If you're going to misuse a product to get some unique result you desire,
expect the company that built it to continue with their original vision of the
product's purpose.

------
mythz
You can opt-out and it sounds like they're only using it on Content you've
+1'ed.

I only +1 content I like, and if my endorsement can somehow bring revenue to
the content creator, I'm personally fine with it.

------
wtvanhest
Instead of continuing to attempt to make products better and appeal to more
people and in a more meaningful way, they are trying to squeeze some profit
out of a barely used platform. [1]Google+ didn't take off, at all. It never
will if they fully monetize it before lockin.

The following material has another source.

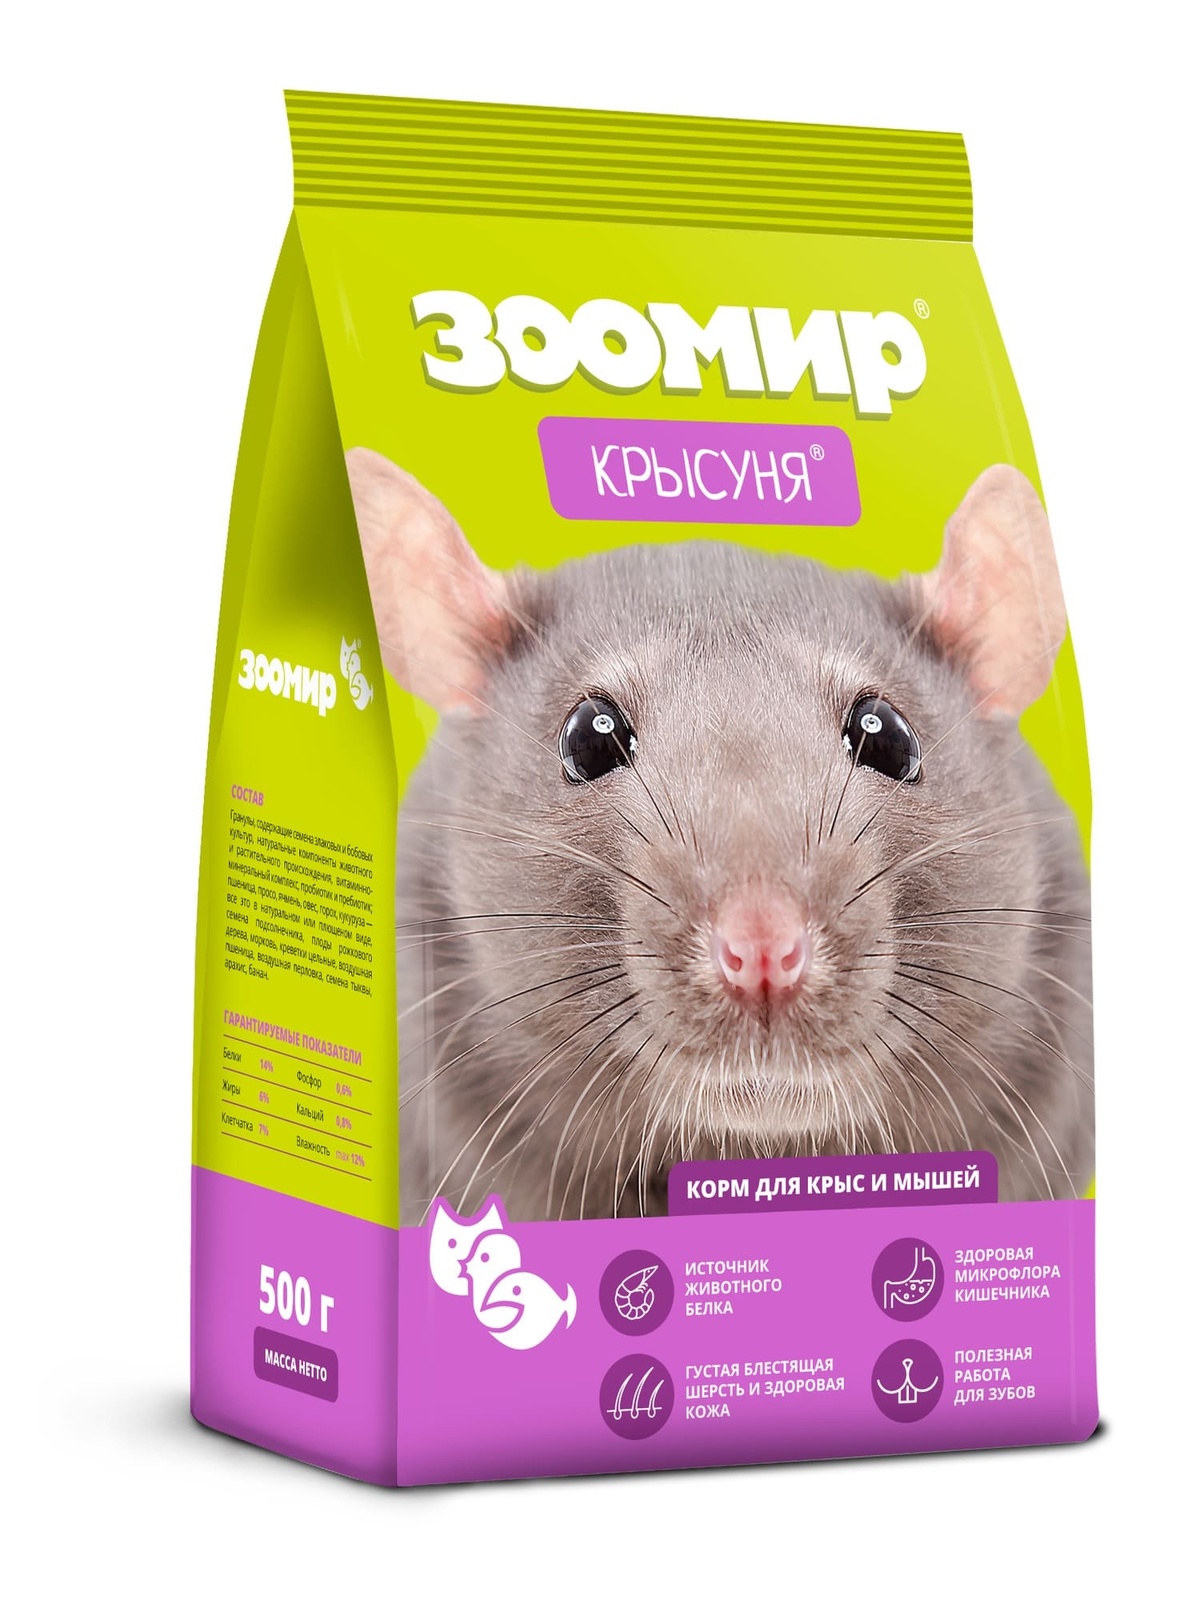 ЗООМИР ЗООМИР корм для крыс и мышей Крысуня (500 г) корм для крыс и мышей зоомир крысуня 800 г
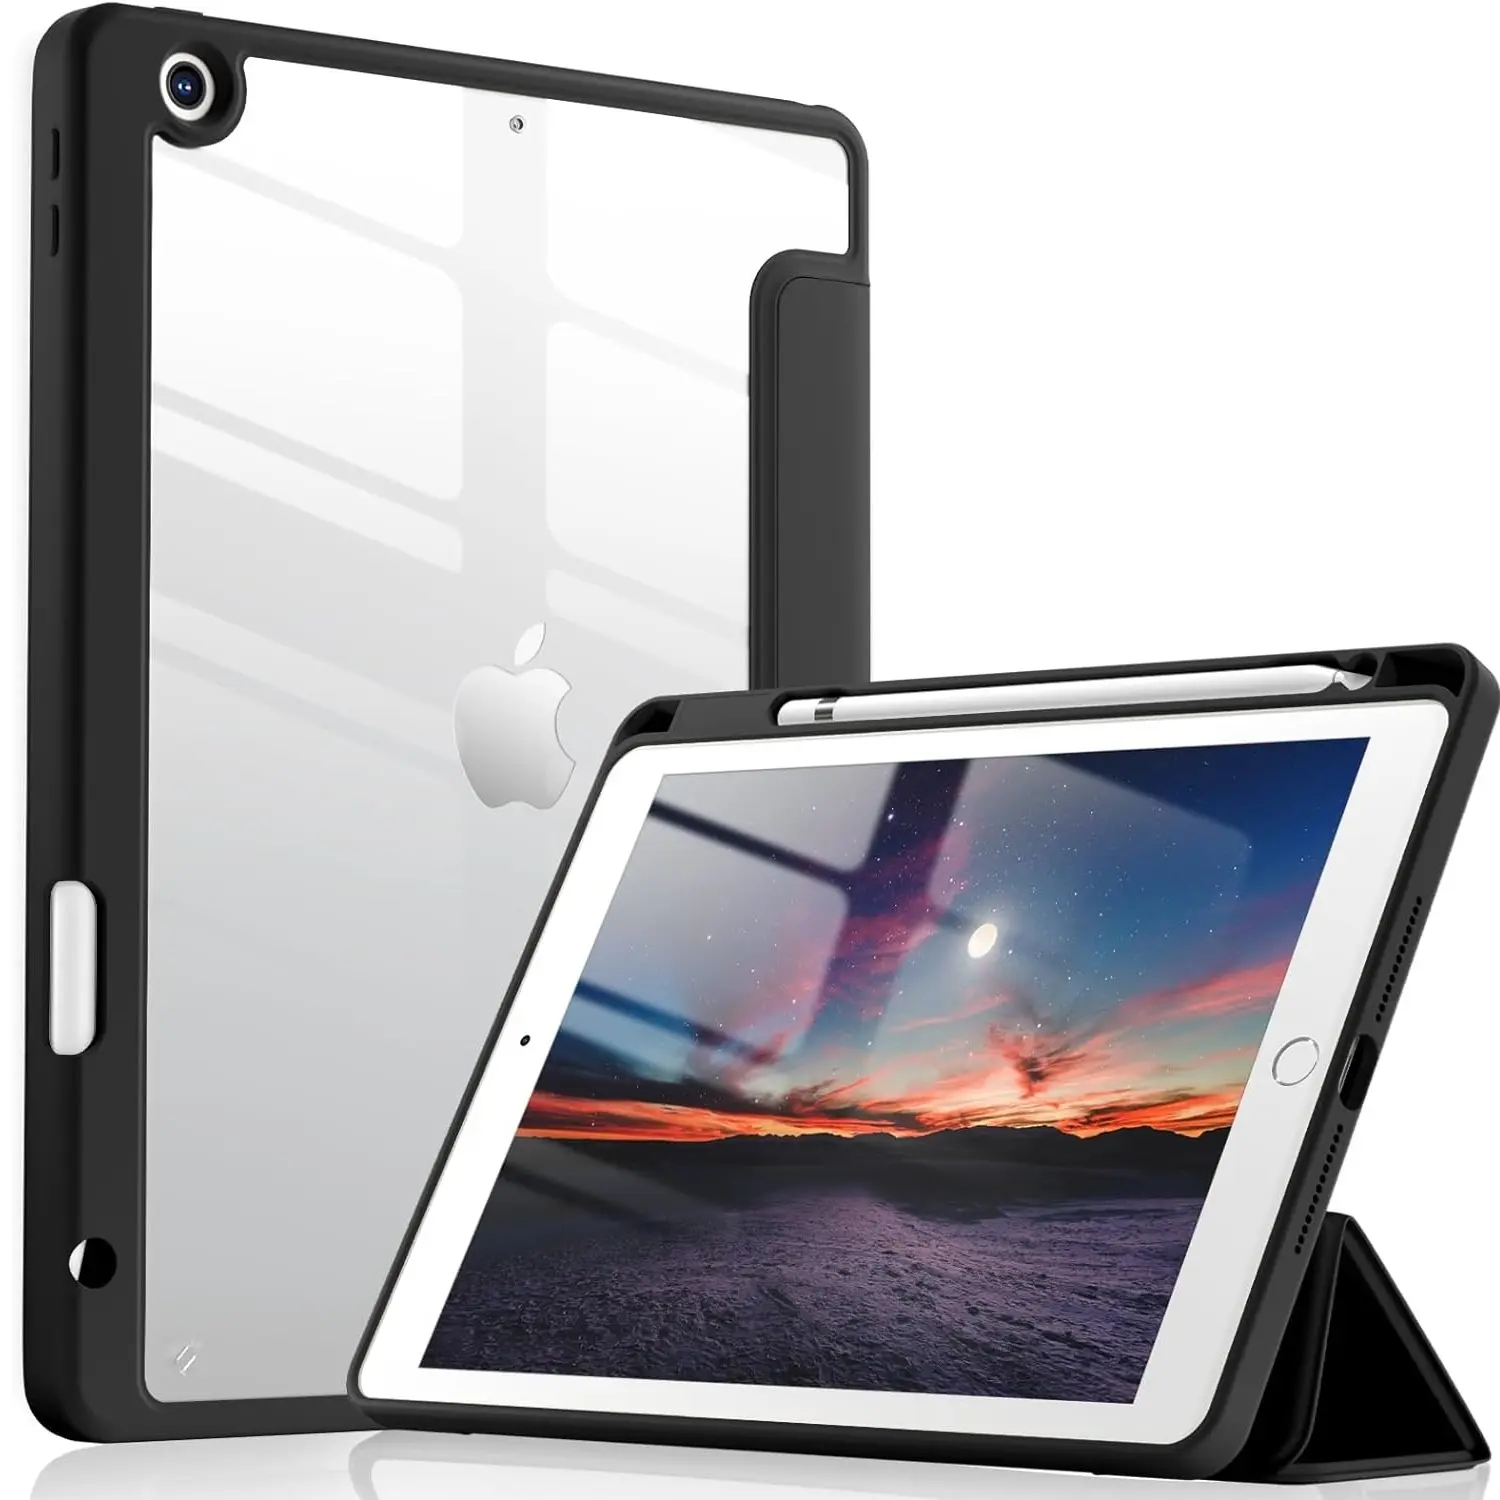 Kalemlik Flip PU Tablet deri akıllı temizle PC Shell kılıf Tablet kapak için iPad hava 3rd 10.5 "2019/iPad Pro 10.5 2017

I would be smiling so hard right now if I were at Facebook.

[1] [http://mashable.com/2013/05/10/google-has-20-million-u-s-
mon...](http://mashable.com/2013/05/10/google-has-20-million-u-s-monthly-
mobile-users-report-says/)

------
marincounty
I use DuckDuckGo for most of my work. I only need Google 10% of the time. You
will get used to using less, and less of Google. Google and Facebook need a
wakup call.

------
dropawaywaytogo
So now they're on par with Facebook and Twitter in that regard.

------
msoad
Legal question: Google sent a notification instead of email for this change.
Is it acceptable legally to send notifications for this kind of legal change?

------
miguelrochefort
What's wrong with you guys? Why do you keep complaining "in the name of
privacy". There's nothing wrong with that, nothing creepy about it.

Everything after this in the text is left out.